In the past 25 years, many international donors have committed such resources to improve laboratory capacity, but have done so with a focus on disease specific emergencies, such as human immunodeficiency virus epidemic. However, as the — Ebola virus disease epidemic and other outbreaks of emerging infectious diseases have highlighted, there remains a need to improve laboratory preparedness and practice on a global scale with a focus on laboratory capacity in a non-disease specific manner.

To meet this goal of sustainability, mentored human resource capacity building programmes will need to be implemented to train laboratory managers and staff on processes for quality laboratory services.

Typical costs include full time mentor and expatriate advisor salaries, per diem and travel support for mentor site visits, financial support for quality management system workshops and LQSI review meetings for stakeholders, quarterly reviews and mentor training and office and training supplies such as laptops, cameras, and portable digital projectors.

While the LQSI programme has been conducted with a small sample size, our intensive mentoring approach in Cambodia using the modified LQSI plan has led to faster rates of quality management system implementation than other quality management system implementation methods. We think this can be attributed to our intensive mentoring approach and the utility of the LQSI checklist, which gives partial credit for completeness towards meeting ISO requirements.

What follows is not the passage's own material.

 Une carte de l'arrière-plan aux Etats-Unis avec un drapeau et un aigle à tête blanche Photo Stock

This new checklist also contains a detailed action plan for laboratory managers and staff to follow to implement and maintain the quality management system. We think the LQSI action plan in the spreadsheet format is a useful tool for all health laboratories seeking ISO accreditation and we plan to make it available online free of charge.

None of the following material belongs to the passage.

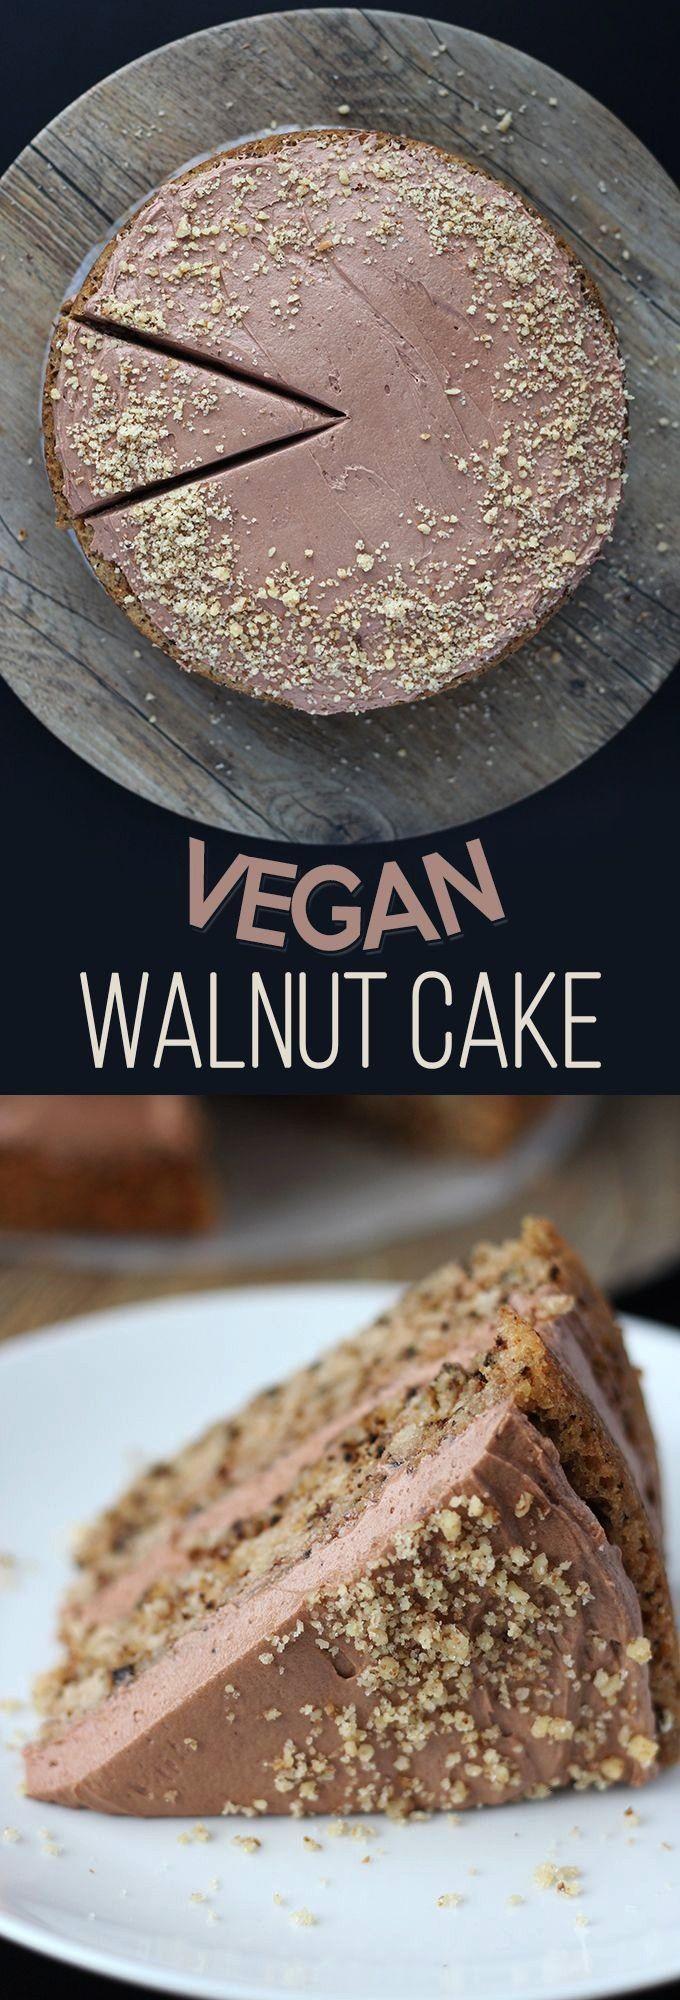 Walnut Cake - Sweet Like Cocoa -   -Vegan Walnut Cake - Sweet Like Cocoa -   -  No-Churn 2-Ingredie

Our LQSI approach using a full-time staff of embedded quality improvement mentors has proven highly effective in implementing a quality management system in a large number of hospital laboratories in a relatively short period. Others have demonstrated that mentorship assists laboratories to implement quality improvement activities. Our successes to date can also be attributed to strong team coordination, rapid communication and collaborations including frequent in-country meetings to address challenges collectively.

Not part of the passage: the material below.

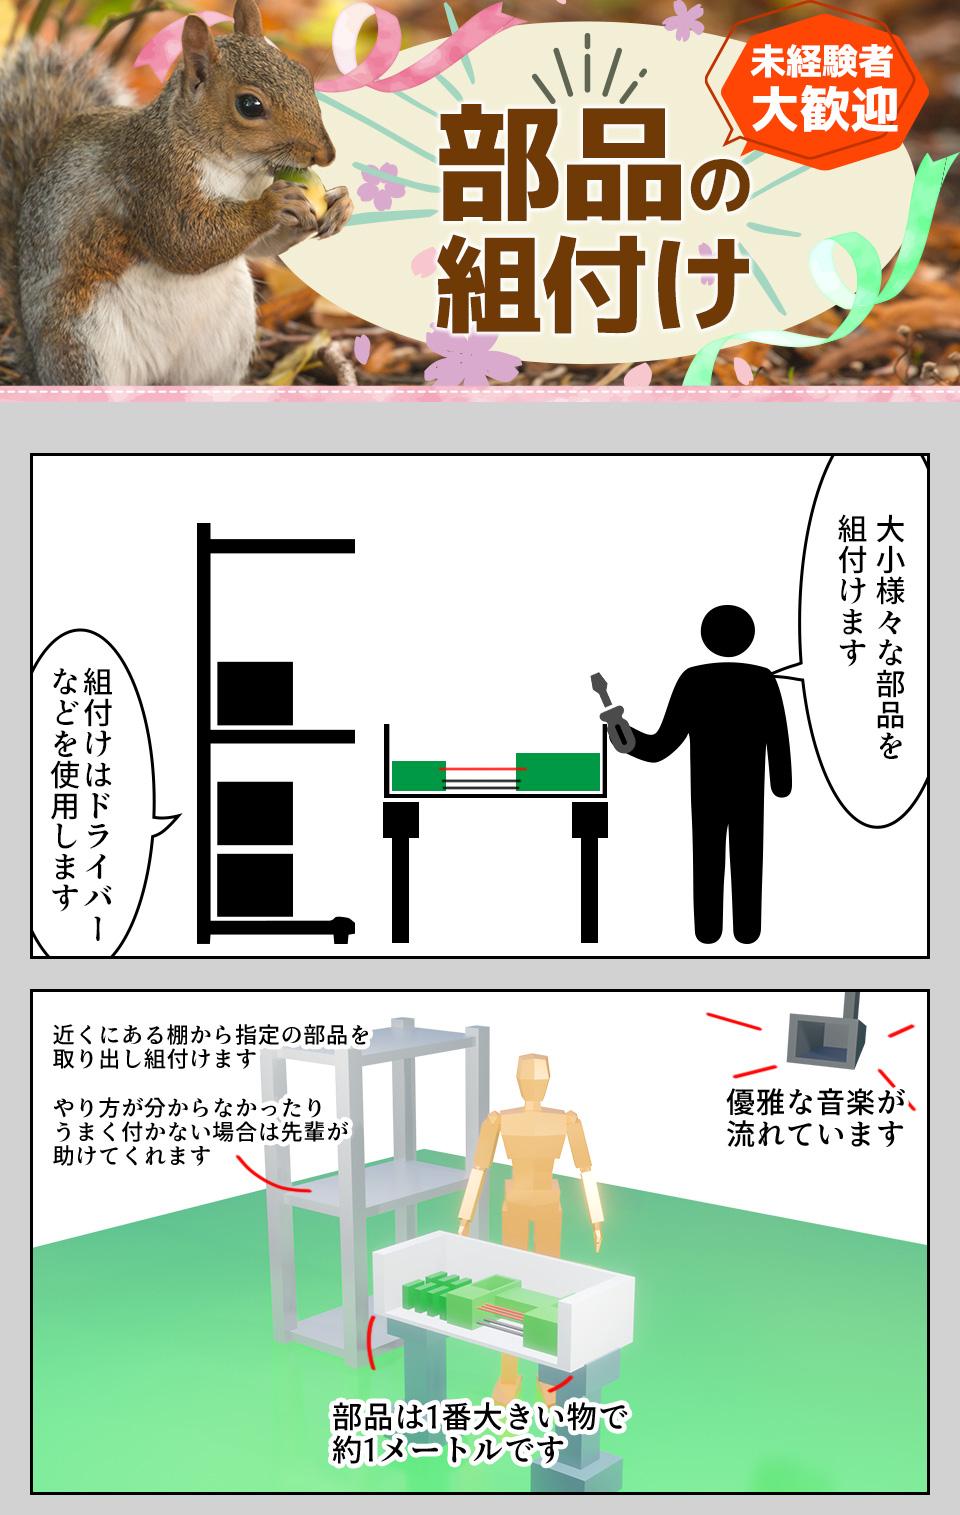 部品の組付け 石川県白山市の派遣社員求人

The LQSI review meetings also brought together key staff and leadership and provided opportunities for participants to share experiences and discuss challenges to the laboratory system. Overall, stronger enforcement of national policies and the establishment of a legal authority over laboratory practice are needed in Cambodia. While achievements have been made, several management challenges still exist around enforcing habits of quality assurance such as rejecting inappropriate or poor quality specimens, regularly performing internal quality control, documenting tests and processes, performing corrective action, tracking quality indicators and maintenance of equipment.

Only through strong leadership from hospital and laboratory directors will staff address these challenges. However, many laboratory managers and directors have assumed their positions through promotion due to their technical skills or seniority, and thus have not had formal laboratory management training.

There remains a global need to improve health laboratory leadership and management for these investments in laboratory systems to be sustainable. In summary, classroom-based training followed by regular on-site mentoring using a detailed action plan in the local language allows staff greater opportunity to learn new concepts, ask questions and access resources leading to rapid achievements in quality management system.

The mentored LQSI approach facilitates progress towards improving the accuracy, timeliness and reliability of test results in hospital laboratories and can synergize with other quality management system implementation programmes. While it may not be financially feasible for all health laboratories in Cambodia to seek full ISO accreditation, the LQSI process is a valuable undertaking for quality patient care.